“Besar Gunung, Masih Besar Hati Nenek”

Jurnalis : Hadi Pranoto, Fotografer : Hadi Pranoto
 
 

fotoSabtu, 13 Februari 2010, relawan Tzu Chi mengunjungi Panti Wreda Budi Mulia 04 di Jakarta Selatan. Kegiatan ini dilakukan untuk memberi perhatian dan kebahagiaan kepada para penghuni panti menjelang perayaan Imlek 2561/2010.

Sabtu pagi, 13 Februari 2010, cuaca terlihat sangat mendung. Awan hitam merata membayangi langit Jakarta. Sepertinya perayaan tahun Imlek kali ini juga akan diiringi turunnya hujan. Benar saja, tak lama kemudian hujan pun turun. Cuaca yang dingin dan hujan lebat membuat suasana tampak sunyi. Tapi tidak demikian dengan suasana di Panti Sosial Tresna Wreda Budi Mulia 04 Margaguna, para penghuninya yang mayoritas manula – berusia di atas 60 tahun – tampak bersemangat dengan wajah ceria menyambut kedatangan relawan Tzu Chi.

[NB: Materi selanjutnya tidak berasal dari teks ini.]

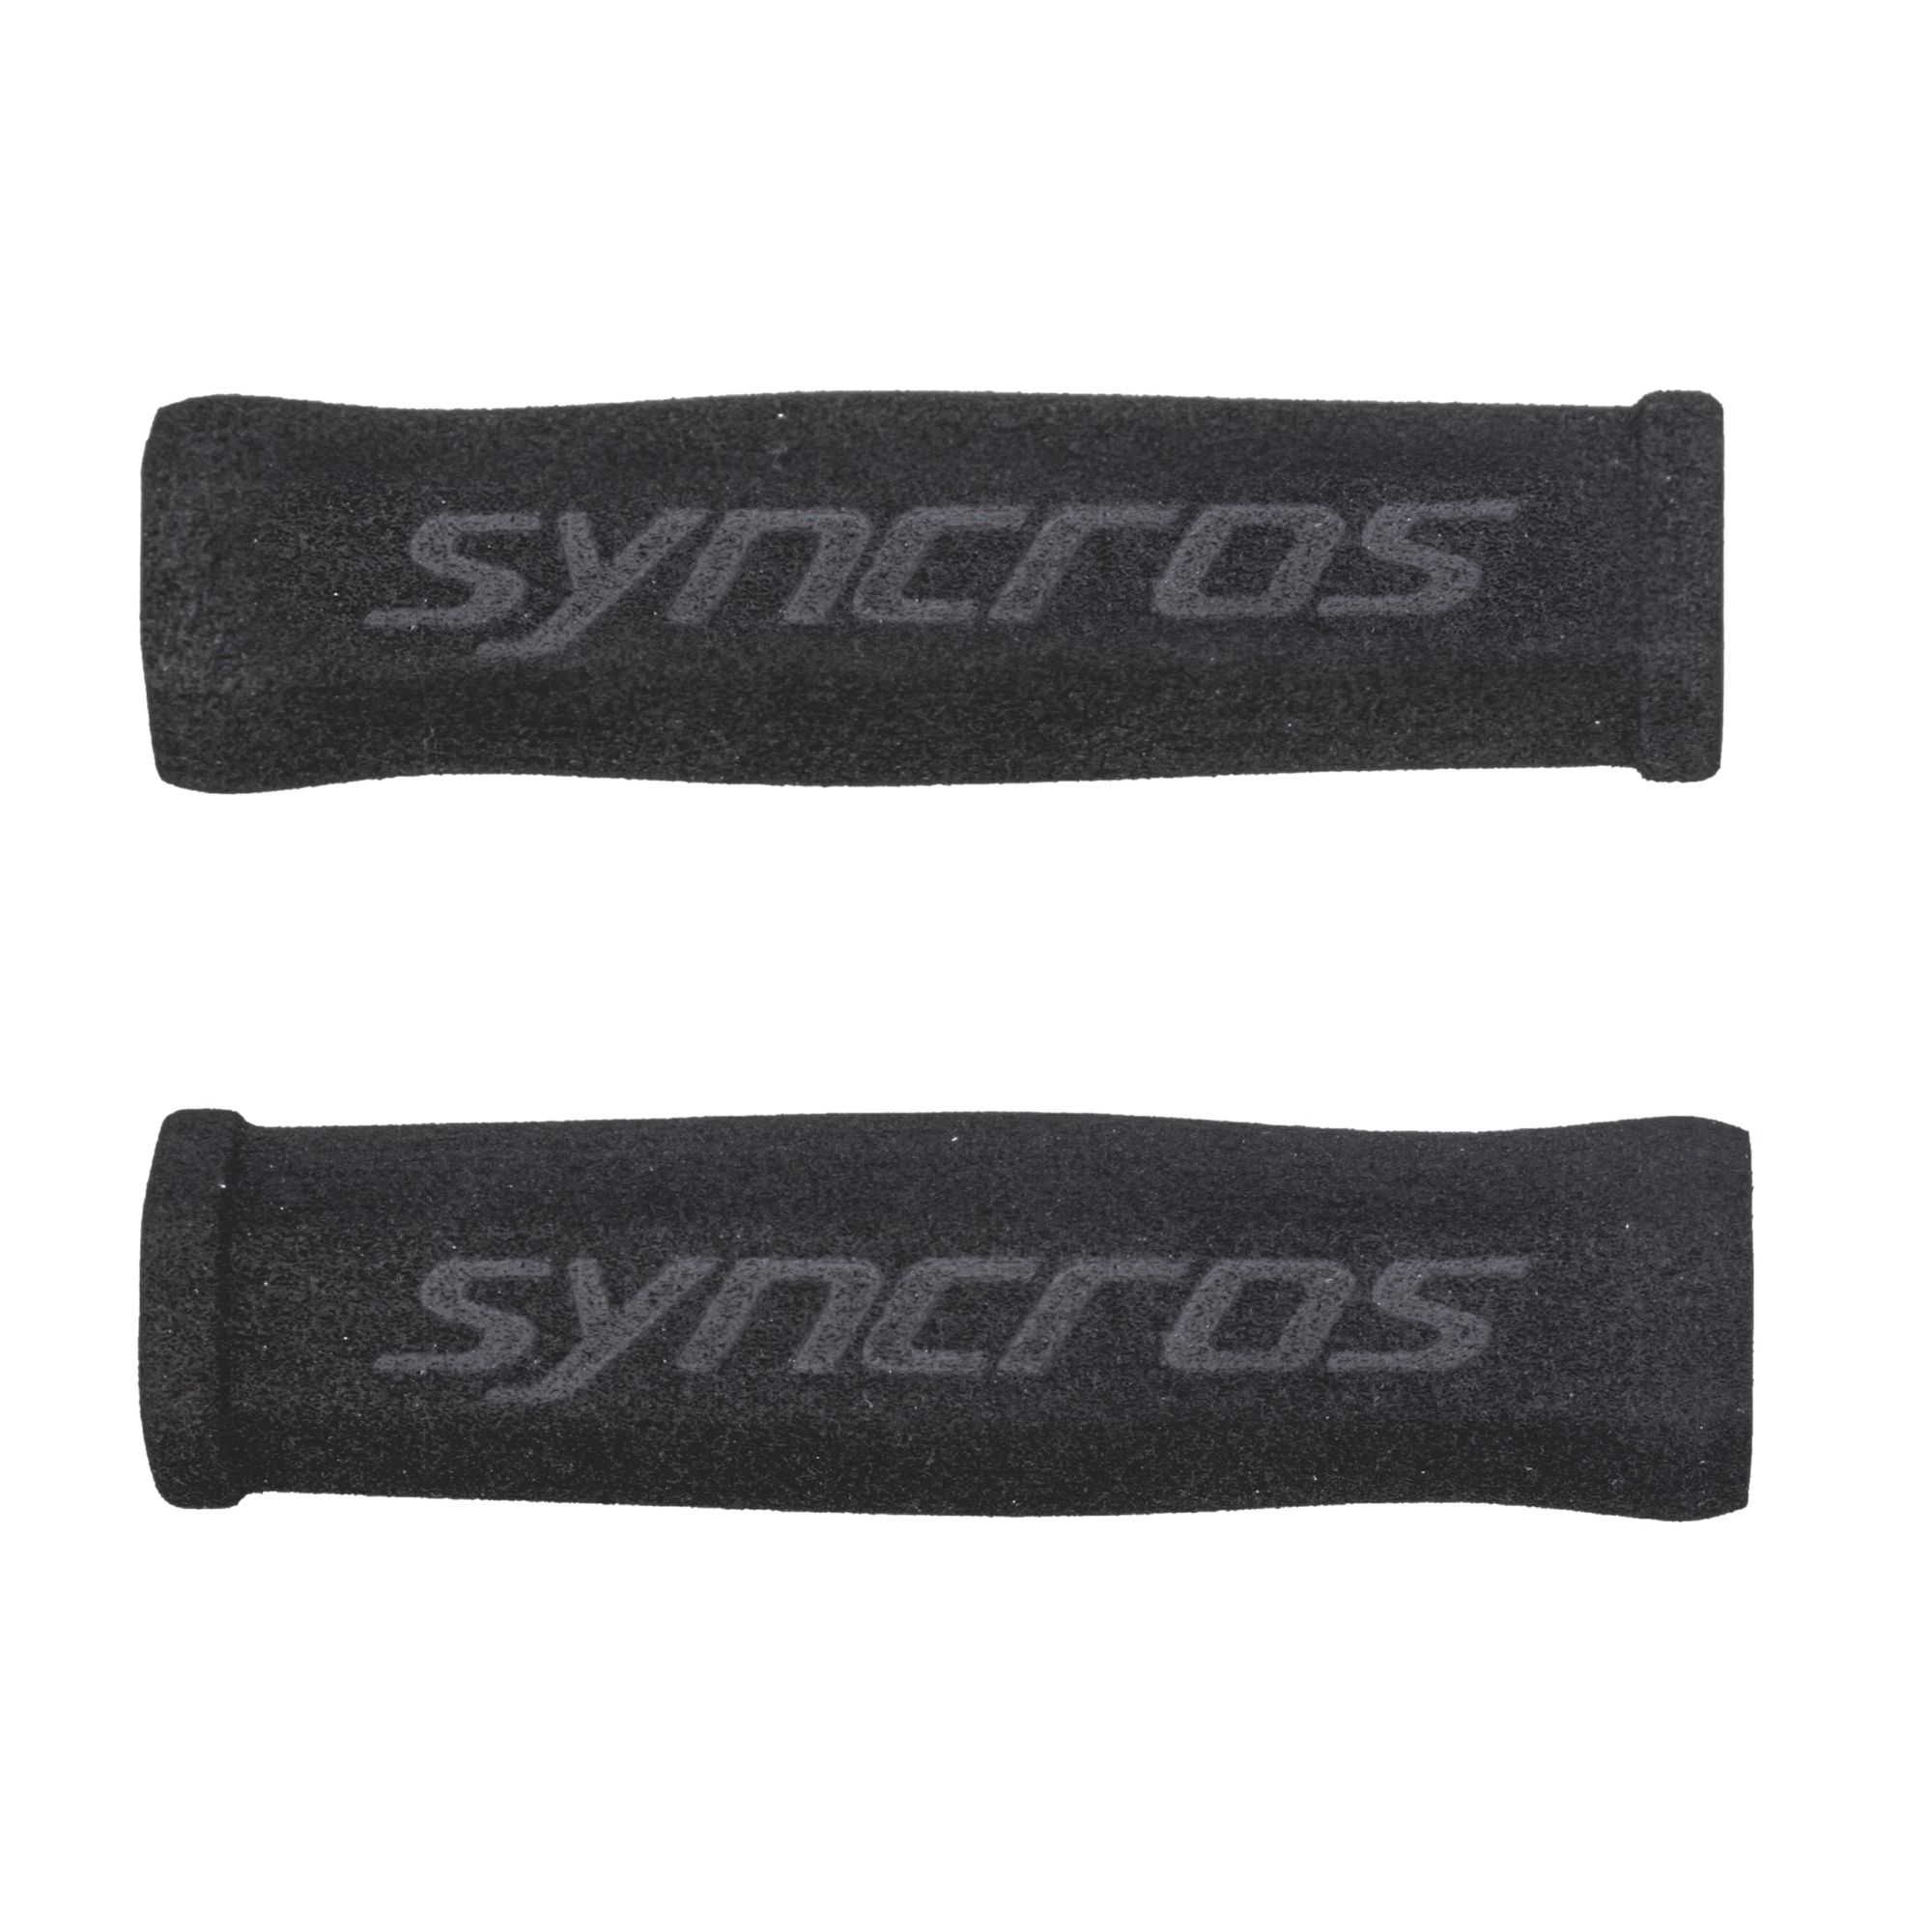 Syncros Grips Foam

Hujan dan cuaca yang dingin menjadi hangat dengan cinta kasih yang diberikan insan Tzu Chi.

 

Keharuan Nenek Ipah
Sebanyak 20 relawan Tzu Chi dari wilayah He Qi Selatan mengunjungi dan memberi perhatian kepada 156 penghuni panti yang berada di Jl. Margaguna No. 1, Radio Dalam, Jakarta Selatan. Karena dilakukan bertepatan dengan menjelang perayaan Imlek, maka bingkisan yang diberikan pun bernuansa etnik Tionghoa: kue keranjang, jeruk, dan angpau. “Tujuan kami di sini adalah untuk menghibur kakek dan nenek, menyanyi bersama, bermain games, dan memberikan angpau,” kata Niko, relawan Tzu Chi dalam sambutannya.

Meski baru pertama kali mengunjungi panti ini, namun suasana hangat dan kekeluargaan sangat terasa. Relawan Tzu Chi dengan cepat berbaur dan berinteraksi dengan para penghuni yang mayoritas (90%) tak lagi memiliki keluarga. Banyak hal dilakukan relawan, mulai dari mengajak berbincang-bincang, memotong kuku, rambut, menyanyi hingga berjoget bersama. Di penghujung acara, relawan Tzu Chi lantas membagikan bingkisan yang bernuansa etnik itu. Karena banyak penghuni yang sudah sangat lemah dan tidak lagi bisa beraktivitas  (hanya berbaring di ranjang atau sakit - red)  maka relawan Tzu Chi berkeliling ruangan untuk membagikan bingkisan.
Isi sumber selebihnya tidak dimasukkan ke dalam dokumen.